# Given information
╭──

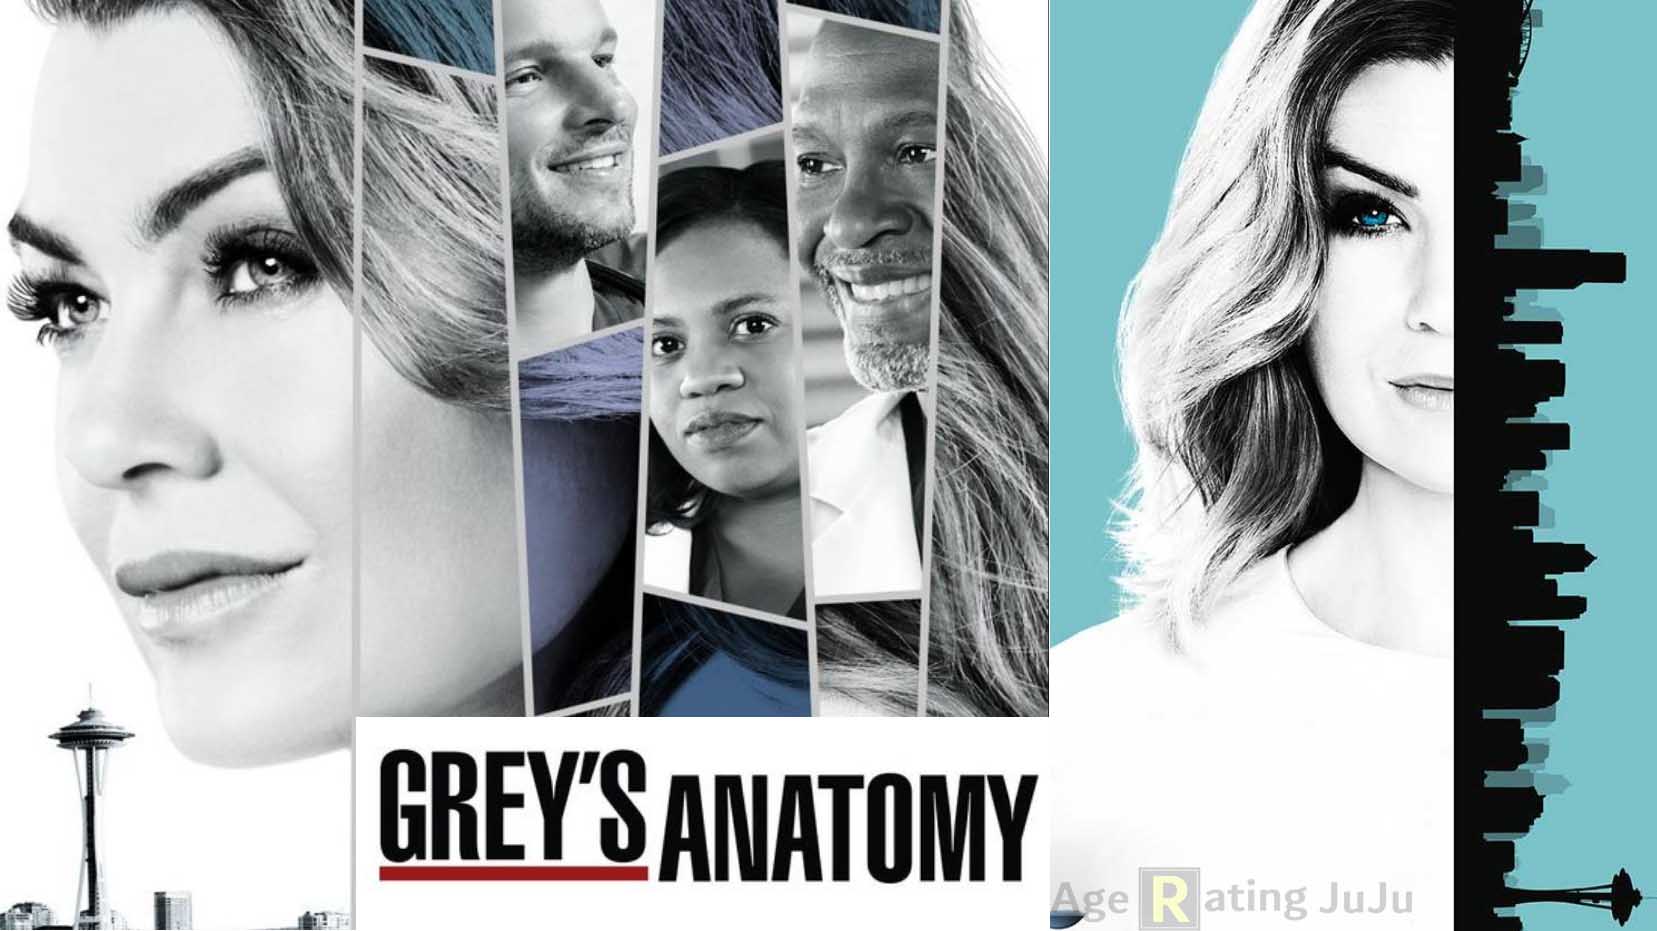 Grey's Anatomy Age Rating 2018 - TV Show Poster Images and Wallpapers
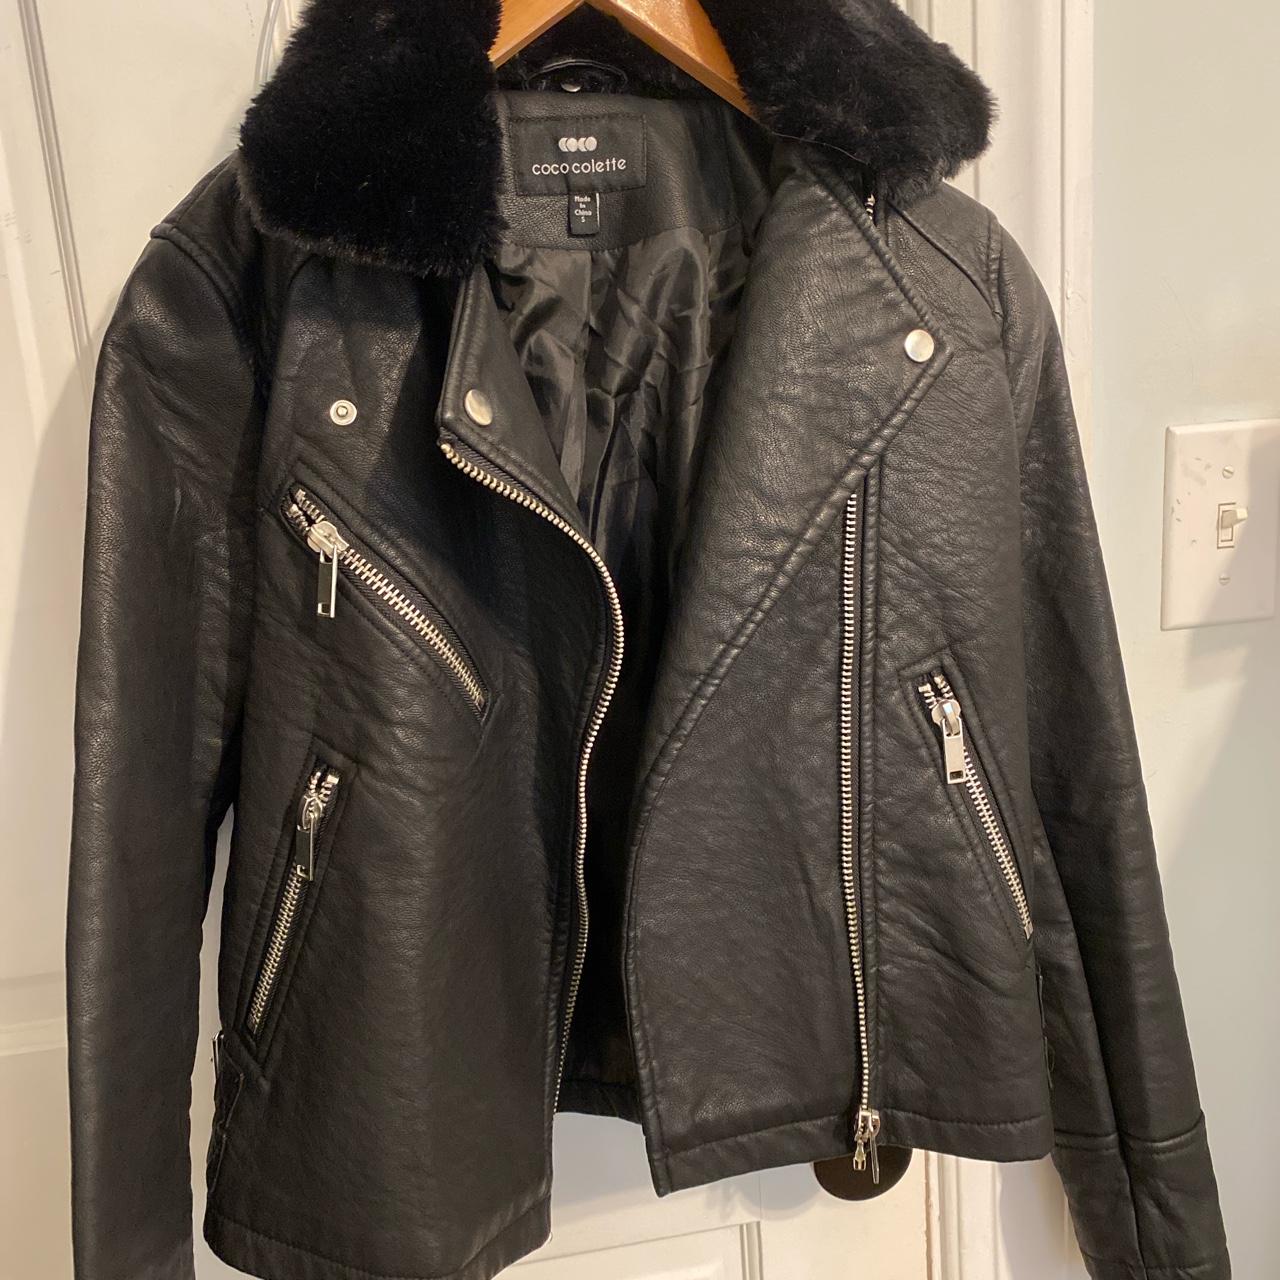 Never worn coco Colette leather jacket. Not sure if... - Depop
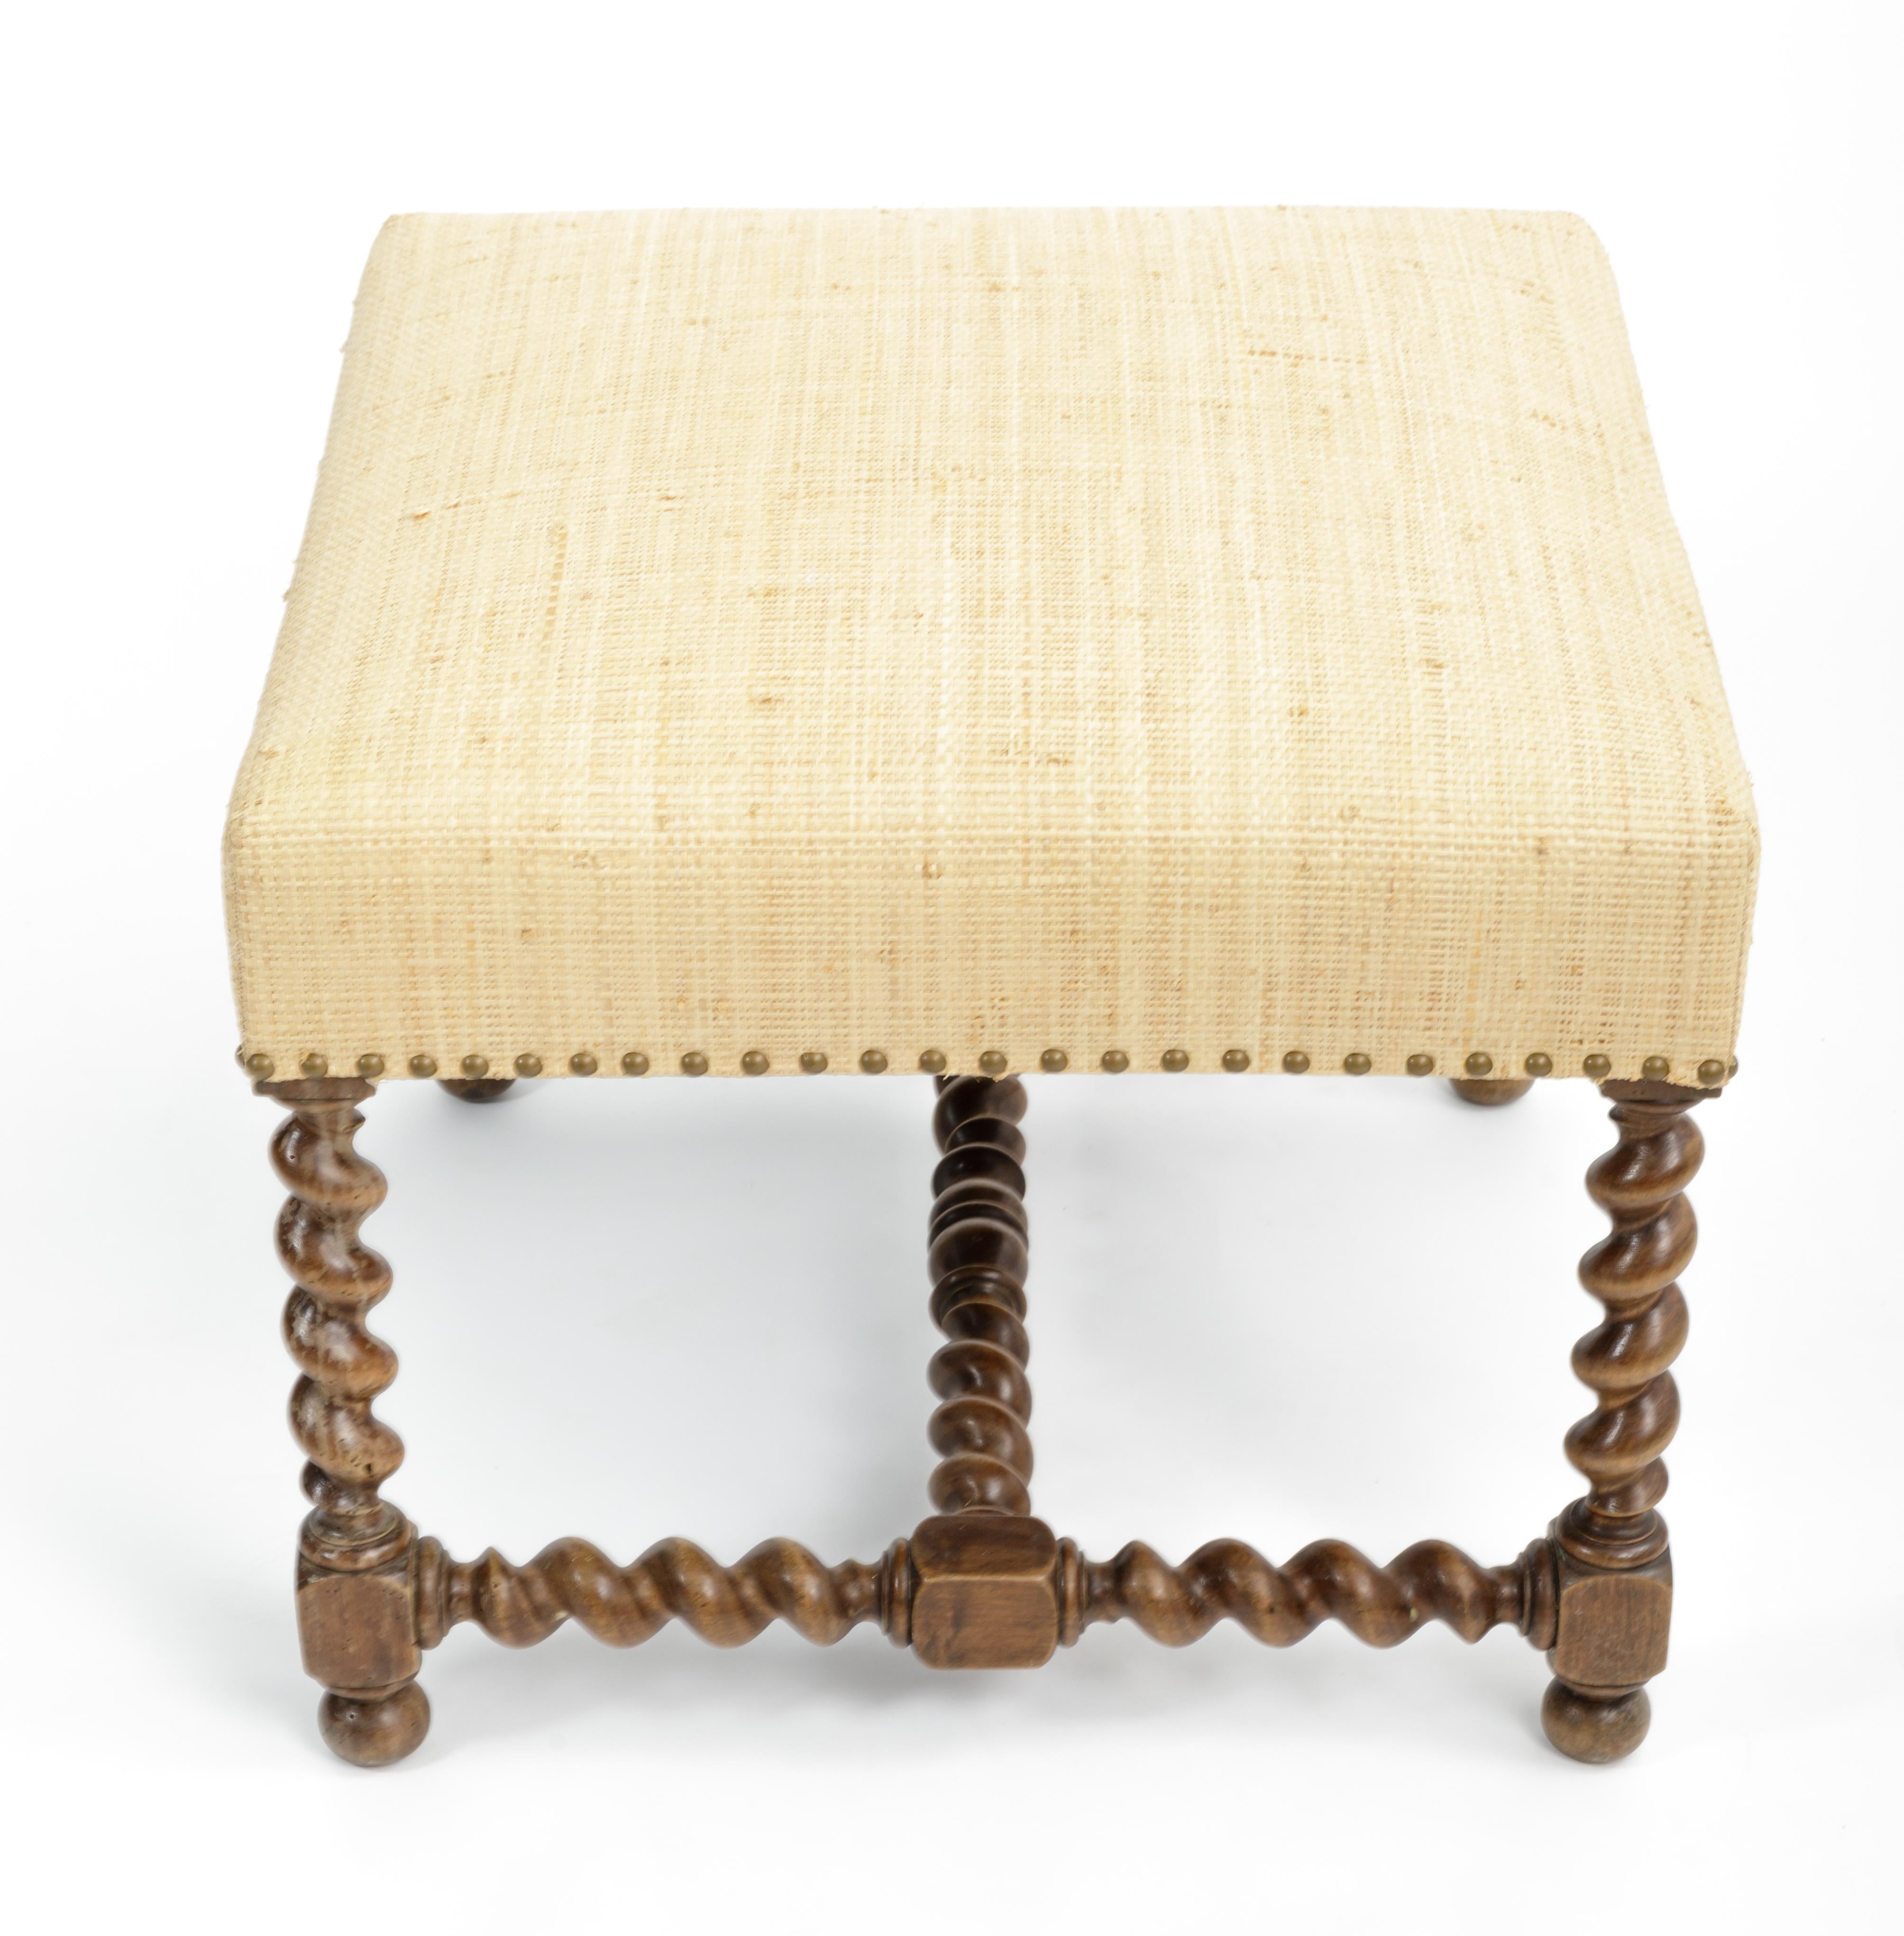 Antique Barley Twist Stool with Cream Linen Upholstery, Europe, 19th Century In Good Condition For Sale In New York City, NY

╰──

# Activity
Give the listing again exactly, excluding pictures.

# Solution for this task
 Grey's Anatomy Age Rating 2018 - TV Show Poster Images and Wallpapers
 Never worn coco Colette leather jacket. Not sure if... - Depop
 Antique Barley Twist Stool with Cream Linen Upholstery, Europe, 19th Century In Good Condition For Sale In New York City, NY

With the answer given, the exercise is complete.